The network design considerations discussed in this guide are comprised of known factors that hinder or optimize network performance. The considerations are not solid rules, but rather suggestions and discussions that might be helpful in designing your VPN.

Note Use this guide after you install, power up, and initially configure your Cisco VPN gateway for network connectivity. For instructions on how to install, power up, and initially configure your Cisco VPN gateway, refer to the Installation and Configuration Guide that shipped with your VPN gateway.

Audience

This software configuration guide is intended primarily for the following audiences:

•

System administrators who are responsible for installing and configuring internetworking equipment, who are familiar with the fundamentals of router-based internetworking, and who are familiar with Cisco IOS software and Cisco products

•

System administrators who are familiar with the fundamentals of router-based internetworking and who are responsible for installing and configuring internetworking equipment, but who might not be familiar with the specifics of Cisco products or the routing protocols supported by Cisco products

Organization


Chapter	Title	Description
1	Using Cisco IOS Software	Provides helpful tips for understanding and configuring Cisco IOS software using the command-line interface (CLI).
2	Network Design Considerations	Provides an overview of the assumptions this guide makes, items you should consider to optimize performance on your Cisco VPN gateway, and a discussion of headend failover.
3	Site-to-Site and Extranet VPN Business Scenarios	Explains the basic tasks for configuring a site-to-site or extranet VPN on a Cisco VPN gateway using GRE or IPSec as the tunneling protocol.
4	Remote Access VPN Business Scenarios	Explains the basic tasks for configuring a remote access VPN on a Cisco VPN gateway and discusses client software, considerations, and configurations.
5	VPN Network Management Tools	Provides an overview of Cisco network management software, and IPSec with MIB.

Where to Get the Latest Version of This Guide

The hard copy of this guide is updated at major releases only and does not always contain the latest material for enhancements occurring between major releases. You are shipped separate release notes or configuration notes for spares, hardware, and software enhancements occurring between major releases.

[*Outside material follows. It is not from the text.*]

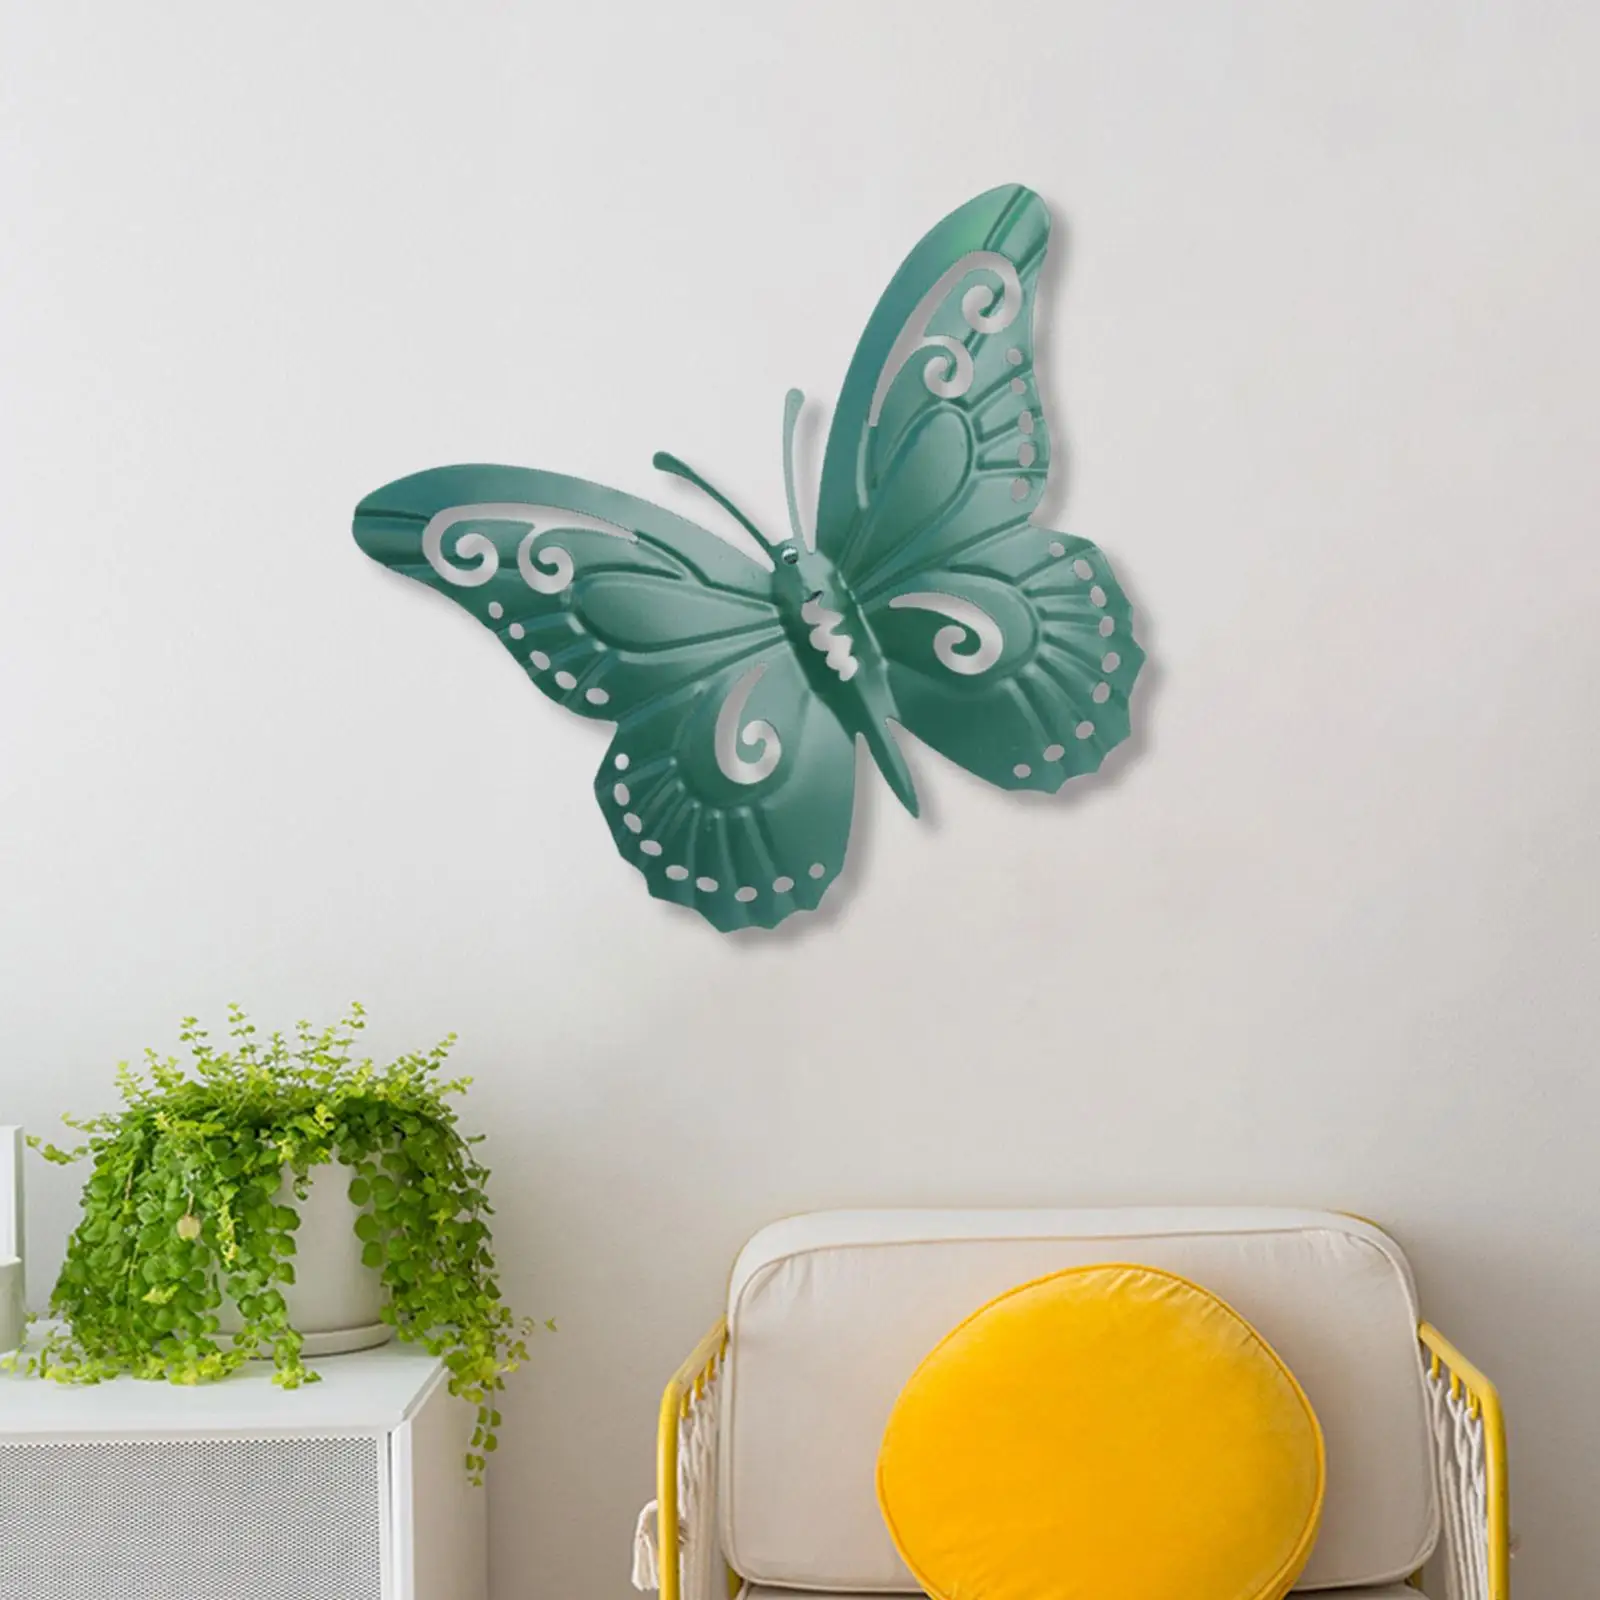 3D Butterfly Wall Decor Ornaments Decorative Sculpture Exquisite Metal for Outdoor Indoor living Room Yard Farmhouse

The online copy of this guide is always up-to-date and integrates the latest enhancements to the product.

Related Documentation

Your Cisco gateway and the Cisco IOS software running on it contain extensive features and functionality, which are documented in the following resources:

•

For Cisco VPN gateway hardware installation and initial software configuration information, refer to the following publications:

•

For international agency compliance, safety, and statutory information for WAN interfaces for Cisco VPN gateways, refer to the Regulatory Compliance and Safety Information publication for your VPN gateway model.

•

For information on installing and replacing field-replaceable units (FRUs), refer to the Installing field-replaceable units publication for your VPN gateway model.

•

For information on using the Flash Disk, refer to the Using the Flash Disk publication for your VPN gateway model.

•

For information on installing and replacing the integrated service module (ISM), refer to the integrated service adapter and integrated service module installation and configuration publication for your VPN gateway model.

•

For information on installing and replacing the VPN Acceleration Module (VAM), refer to the VAM installation and configuration publication for your VPN gateway model.

•

For information on the port adapter installed in the gateway, refer to the individual installation and configuration notes that ship with each port adapter. For example, if you ordered a PA-4E Ethernet port adapter, the PA-4E Ethernet 10BaseT Port Adapter Installation and Configuration note is the reference document.

•

For configuration information and support, refer to the modular configuration and modular command reference publications in the Cisco IOS software configuration documentation set that corresponds to the software release installed on your Cisco hardware. Access these documents at: http://www.cisco.com/en/US/products/sw/iosswrel/index.html.

Note

Select Translated documentation is available at http://www.cisco.com/ by selecting the topic `Select a Location / Language' at the top of the page.

–

To determine the minimum Cisco IOS software requirements for your router, Cisco maintains the Software Advisor tool on Cisco.com. This tool does not verify whether modules within a system are compatible, but it does provide the minimum IOS requirements for individual hardware modules or components. Registered Cisco Direct users can access the Software Advisor at: http://www.cisco.com/cgi-bin/Support/CompNav/Index.pl.

–

For detailed information on configuring access VPNs using the L2F tunneling protocol, refer to the Access VPN Solutions Using Tunneling Technology publication.

–

For information on Cisco Secure VPN Client software, refer to the Cisco Secure VPN Client Solutions Guide publication.

–

For information on interfaces, refer to the Cisco IOS Interface Configuration Guide and the Cisco IOS Interface Command Reference publications:

–

For information on IP, refer to the Network Protocols Configuration Guide, Part 1 and the Network Protocols Command Reference, Part 1 publications.

–

You can also refer to the Cisco IOS software release notes for the version of software you are using on your hardware.

•

If you're a registered Cisco Direct Customer, you can access the following tools:

–

Tools, Maintenance, and Troubleshooting Tips for Cisco IOS Software for Cisco IOS Release 12.0

–

Tools, Maintenance, and Troubleshooting Tips for Cisco IOS Software for Cisco IOS Release 12.1

–

Tools, Maintenance, and Troubleshooting Tips for Cisco IOS Software for Cisco IOS Release 12.2

•

To view Cisco documentation or obtain general information about the documentation, see the "Obtaining Documentation" section and the Obtaining Technical Assistance, or call customer service at 800 553-6387 or 408 526-7208. Customer service hours are 5:00 a.m. to 6:00 p.m. Pacific time, Monday through Friday (excluding Cisco-observed holidays). You can also send e-mail to cs-rep@cisco.com.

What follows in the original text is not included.